Red font is changes
Black font is directions.
Green font is questions.
Blue font is answers.
library(tidyverse)
## ── Attaching packages ─────────────────────────────────────── tidyverse 1.3.2 ──
## ✔ ggplot2 3.3.6 ✔ purrr 0.3.4
## ✔ tibble 3.1.7 ✔ dplyr 1.0.9
## ✔ tidyr 1.2.0 ✔ stringr 1.4.0
## ✔ readr 2.1.2 ✔ forcats 0.5.1
## ── Conflicts ────────────────────────────────────────── tidyverse_conflicts() ──
## ✖ dplyr::filter() masks stats::filter()
## ✖ dplyr::lag() masks stats::lag()
library(dplyr)
See above header
Read the csv file titled Training Data into R. All rows of this dataset should be used as your training set in the development of a regression model. This dataset contains information about some of Pfizer’s patent applications. Each patent application has a unique ID given to it, and this ID is listed in the Patent_Number column. The column titled Cites_Patent_Count lists the number of patent citations made within the corresponding patent application, and the column titled Cited_by_Patent_Count lists the number of patents which cite the document identified by the Patent_Number. The Cited_by_Patent_Count column can be seen as a measure of the influence and strength of the innovation, and as such, it can be useful to try to predict this column to help firms understand the potential influence of their innovations.
training <- read.csv("C:/Users/justt/Desktop/School/621/Exams/Exam 1/Training Data.csv")
str(training)
## 'data.frame': 626 obs. of 3 variables:
## $ Patent_Number : chr "PL 3341367 T3" "HR P20210871 T1" "CR 20210284 A" "US 2021/0205309 A1" ...
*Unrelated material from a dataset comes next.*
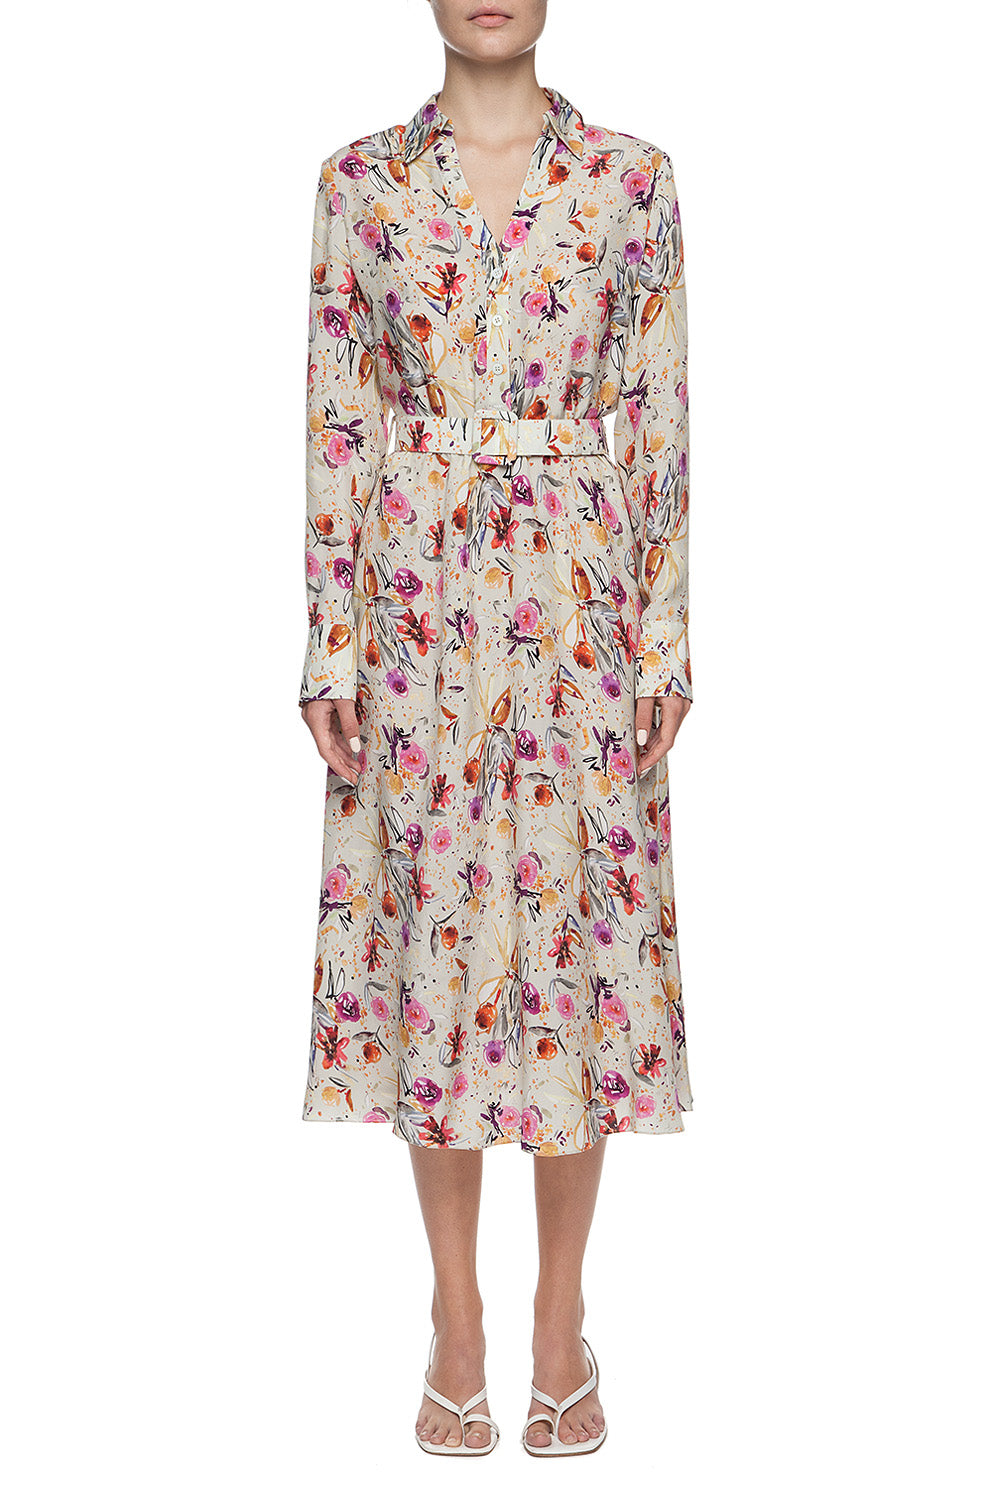 Pistachio floral printed dress

## $ Cites_Patent_Count : int 0 0 0 0 3 0 0 1 0 0 ...
## $ Cited_by_Patent_Count: int 0 0 0 0 0 0 0 0 0 0 ...
training <- training[ ,-1]
colnames(training)
## [1] "Cites_Patent_Count" "Cited_by_Patent_Count"
colnames(training) <- c("B1", "B2")
model1 <- lm(B2 ~ B1, data = training)
model1
##
## Call:
## lm(formula = B2 ~ B1, data = training)
##
## Coefficients:
## (Intercept) B1
## 0.05226 0.00267
summary(model1)
##
## Call:
## lm(formula = B2 ~ B1, data = training)
##
## Residuals:
## Min 1Q Median 3Q Max
## -0.9469 -0.0523 -0.0523 -0.0523 3.7661
##
## Coefficients:
## Estimate Std. Error t value Pr(>|t|)
## (Intercept) 0.0522603 0.0130896 3.993 7.32e-05 ***
## B1 0.0026705 0.0005322 5.018 6.81e-07 ***
## ---
## Signif. codes: 0 '***' 0.001 '**' 0.01 '*' 0.05 '.' 0.1 ' ' 1
##
## Residual standard error: 0.3223 on 624 degrees of freedom
## Multiple R-squared: 0.03879, Adjusted R-squared: 0.03725
## F-statistic: 25.18 on 1 and 624 DF, p-value: 6.811e-07
## let Cites_Patent_Count = 60
B1a <- data.frame(B1 = c(60))
predict(model1, B1a, type = "response")
## 1
## 0.2124891
An equation for Cited_by_Patent_Count, using the regression model of model1 <- lm(B2 ~ B1, data = training), where B1 = 60 would be Cited_by_Patent_Count of 0.2124891 ≈ when Cites_Patent_Count is.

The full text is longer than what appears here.